Patch attached. Thought?
Regards,
--
Fujii Masao
Advanced Computing Technology Center
Research and Development Headquarters
NTT DATA CORPORATION
Вложения
At Tue, 23 Jun 2020 00:17:47 +0900, Fujii Masao <masao.fujii@oss.nttdata.com> wrote in
> Hi,
>
> If restart_lsn of logical replication slot gets behind more than
> max_slot_wal_keep_size from the current LSN, the logical replication
> slot would be invalidated and its restart_lsn is reset to an invalid
> LSN.
> If this logical replication slot with an invalid restart_lsn is
> specified
> as the source slot in pg_copy_logical_replication_slot(), the function
> causes the following assertion failure.
Good catch!
> TRAP: FailedAssertion("!logical_slot", File: "slotfuncs.c", Line: 727)
>
> This assertion failure is caused by
>
> /* Copying non-reserved slot doesn't make sense */
> if (XLogRecPtrIsInvalid(src_restart_lsn))
> ereport(ERROR,
> (errcode(ERRCODE_FEATURE_NOT_SUPPORTED),
> errmsg("cannot copy a replication slot that doesn't reserve
> WAL")));
>
> I *guess* this assertion check was added because restart_lsn should
> not be invalid before. But in v13, it can be invalid thanks to
> max_slot_wal_keep_size.
> I think that this assertion check seems useless and should be removed
> in v13.
> Patch attached. Thought?
Your diagnosis looks correct to me. The assertion failure means that
copy_replication_slot was not exercised at least for a non-reserving
logical slots. Greping "pg_copy_logical_replication_slot" on src/test
showed nothing so I doubt we are exercising the function.
Don't we need some?
regards.
--
Kyotaro Horiguchi
NTT Open Source Software Center
On 2020/06/23 18:42, Kyotaro Horiguchi wrote:
> At Tue, 23 Jun 2020 00:17:47 +0900, Fujii Masao <masao.fujii@oss.nttdata.com> wrote in
>> Hi,
>>
>> If restart_lsn of logical replication slot gets behind more than
>> max_slot_wal_keep_size from the current LSN, the logical replication
>> slot would be invalidated and its restart_lsn is reset to an invalid
>> LSN.
>> If this logical replication slot with an invalid restart_lsn is
>> specified
>> as the source slot in pg_copy_logical_replication_slot(), the function
>> causes the following assertion failure.
>
> Good catch!
>
>> TRAP: FailedAssertion("!logical_slot", File: "slotfuncs.c", Line: 727)
>>
>> This assertion failure is caused by
>>
>> /* Copying non-reserved slot doesn't make sense */
>> if (XLogRecPtrIsInvalid(src_restart_lsn))
>> ereport(ERROR,
>> (errcode(ERRCODE_FEATURE_NOT_SUPPORTED),
>> errmsg("cannot copy a replication slot that doesn't reserve
>> WAL")));
>>
>> I *guess* this assertion check was added because restart_lsn should
>> not be invalid before. But in v13, it can be invalid thanks to
>> max_slot_wal_keep_size.
>> I think that this assertion check seems useless and should be removed
>> in v13.
>> Patch attached. Thought?
>
> Your diagnosis looks correct to me.
Thanks for the check! I will commit the patch later.

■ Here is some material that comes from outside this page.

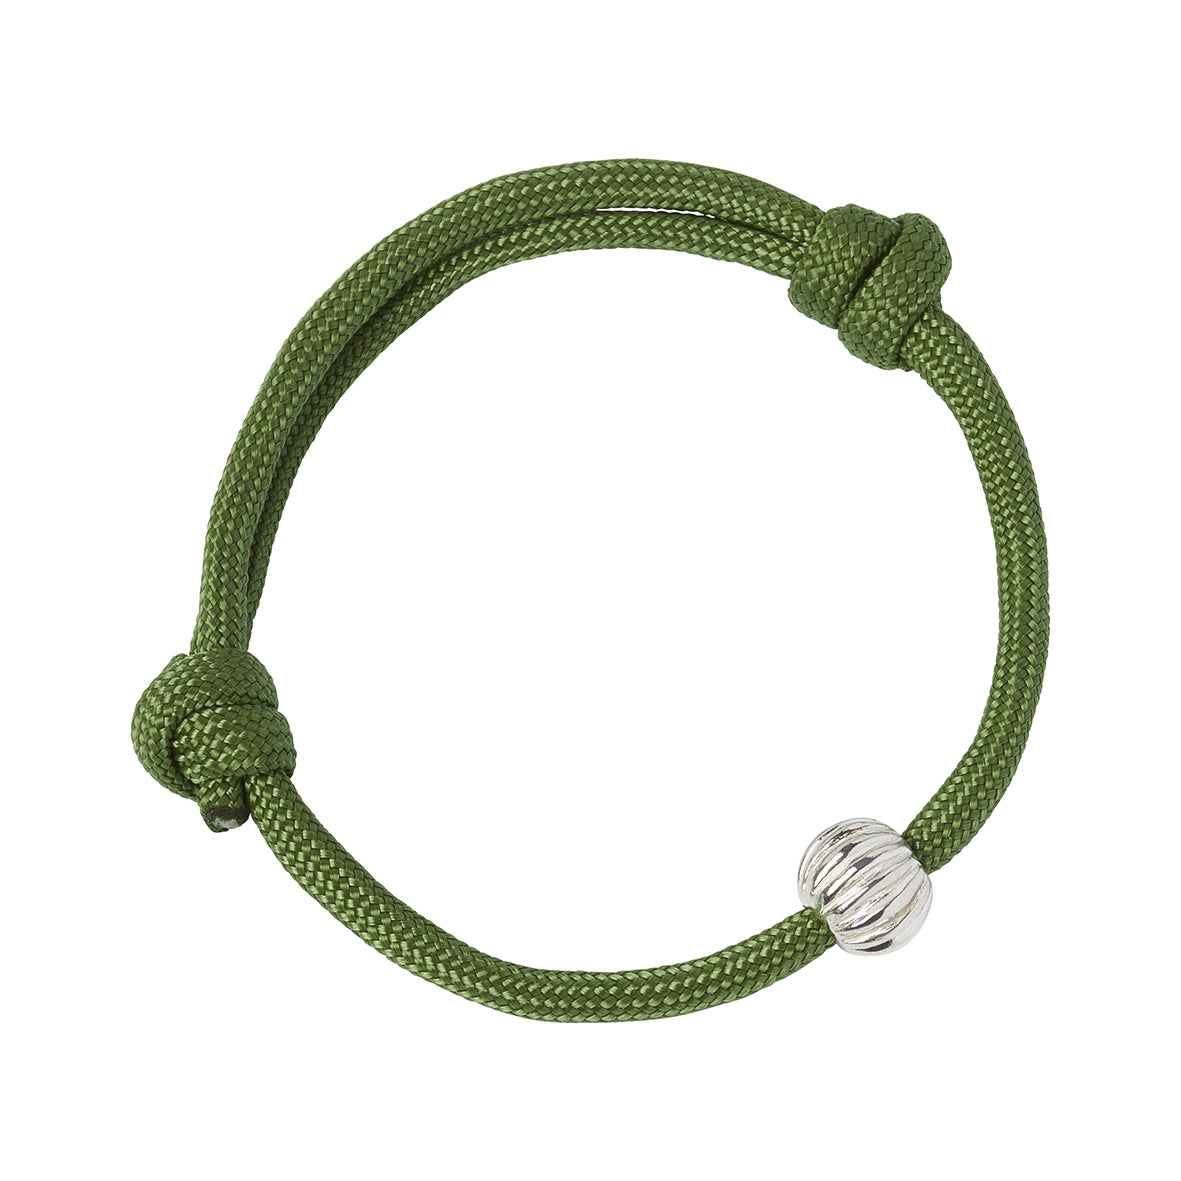 A forest green adjustable paracord bracelet with a sterling silver bead with grooves as inspired by the Roman Melon Beads found at Corstopitum Corbridge Roman site in Northumberland

> The assertion failure means that
> copy_replication_slot was not exercised at least for a non-reserving
> logical slots. Greping "pg_copy_logical_replication_slot" on src/test
> showed nothing so I doubt we are exercising the function.
>
> Don't we need some?
Yes, increasing the test coverage sounds helpful!
Regards,
--
Fujii Masao
Advanced Computing Technology Center
Research and Development Headquarters
NTT DATA CORPORATION
On 2020-Jun-23, Fujii Masao wrote:
> If restart_lsn of logical replication slot gets behind more than
> max_slot_wal_keep_size from the current LSN, the logical replication
> slot would be invalidated and its restart_lsn is reset to an invalid LSN.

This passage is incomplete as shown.